New York Post

Sad last note for celeb haunt Mean Fiddler

- Steve Cuozzo

Times Square’s bright lights will shine less green with the closing of popular Irish pub The Mean Fiddler, which will shut its doors by the end of the month.

The cozy bar-restaurant, which that has hosted Bono, Johnny Depp, Jimmy Fallon and Liam Gallagher, as well as hordes of Broadway showgoers and tourists, fell victim to COVID-19 restrictio­ns and rent it could no longer afford.

“We’ve only been doing 10 percent of our normal business,” Mike McNamee, who has owned the pub with his brother, Patrick, for 15 years, told The Post.

“We built beautiful outdoor seating, but we can’t generate more than $1,500 in sales a day. We’re losing $10,000 a week.”

McNamee said he pleaded with his landlord at the 266 W. 47th St. spot, Lloyd Goldman’s Building Management, for a temporary reduction in his $38,000-a-month rent.

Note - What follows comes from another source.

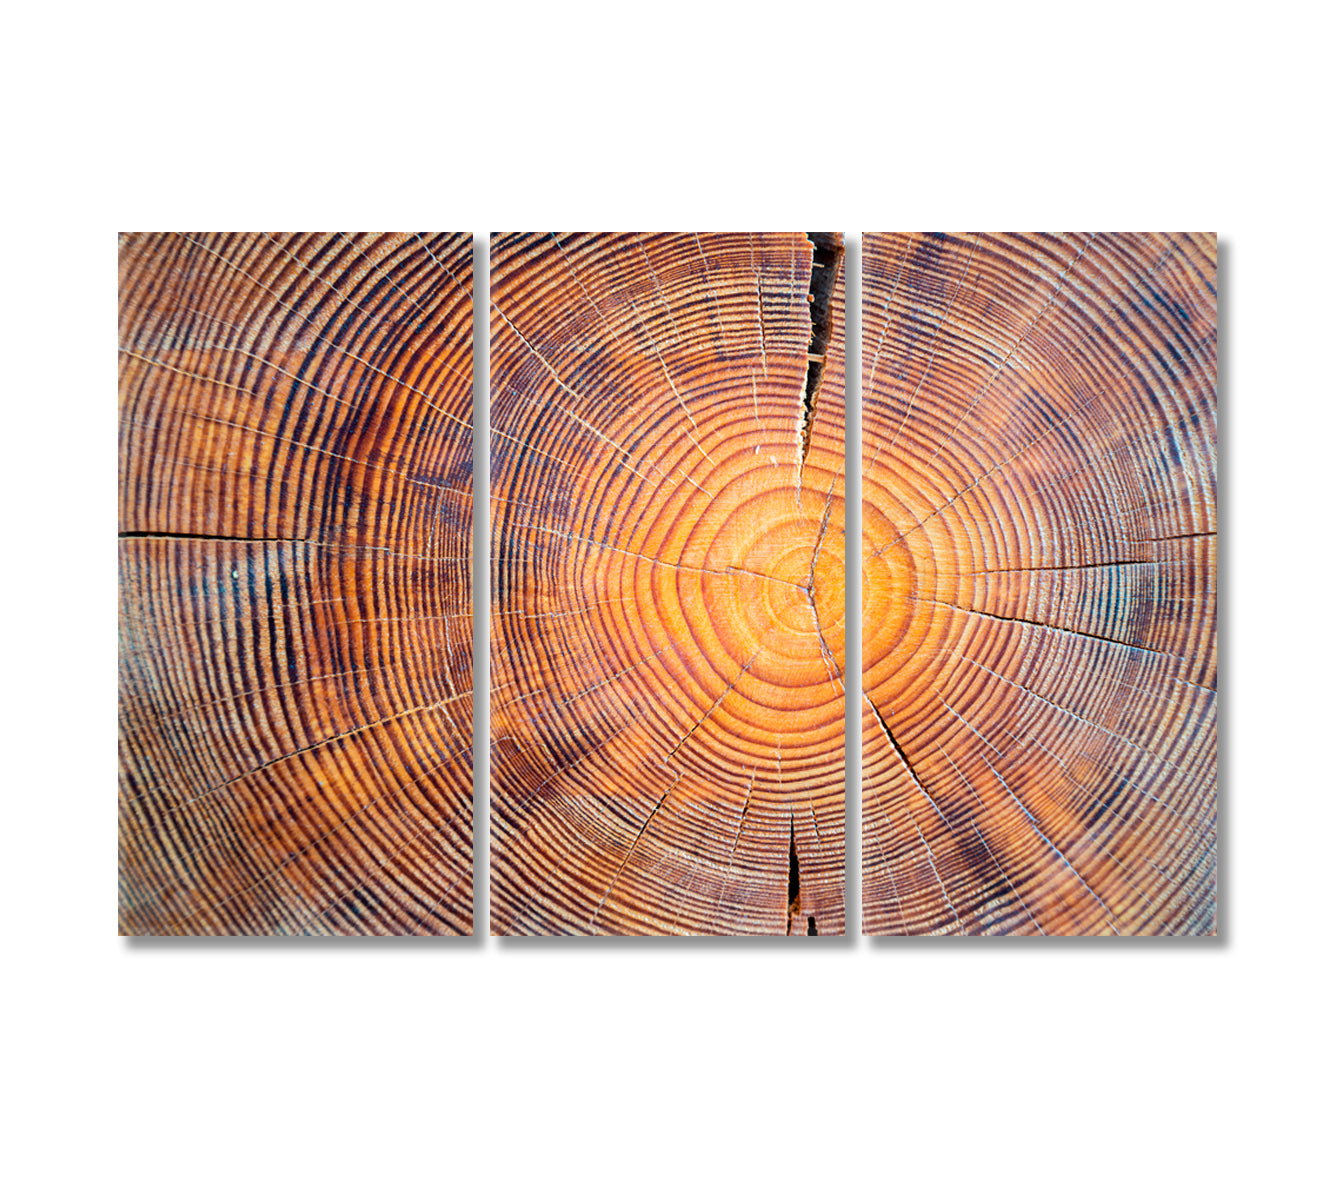 Old Cracked Log Canvas Print-Canvas Print-CetArt-3 Panels-36x24 inches-CetArt

“All we wanted was a reduction until Gov. Cuomo allows us back,” he said — meaning the lifting of the 25 percent-capacity rule and prohibitio­n of bar-standing.

But they “wouldn’t meet us halfway. It was always 100 percent rent,” McNamee said.

The Mean Fiddler is just the latest Times Square-area institutio­n to fall to the pandemic. The loss of business due to the Broadway closure recently claimed the Times Square Hilton Hotel and the giant McDonald’s on West 42nd Street.

McNamee posted a poignant Facebook video of himself with a pint of Guinness to mark the closing.

“It’s a tough pint to swallow,” he said.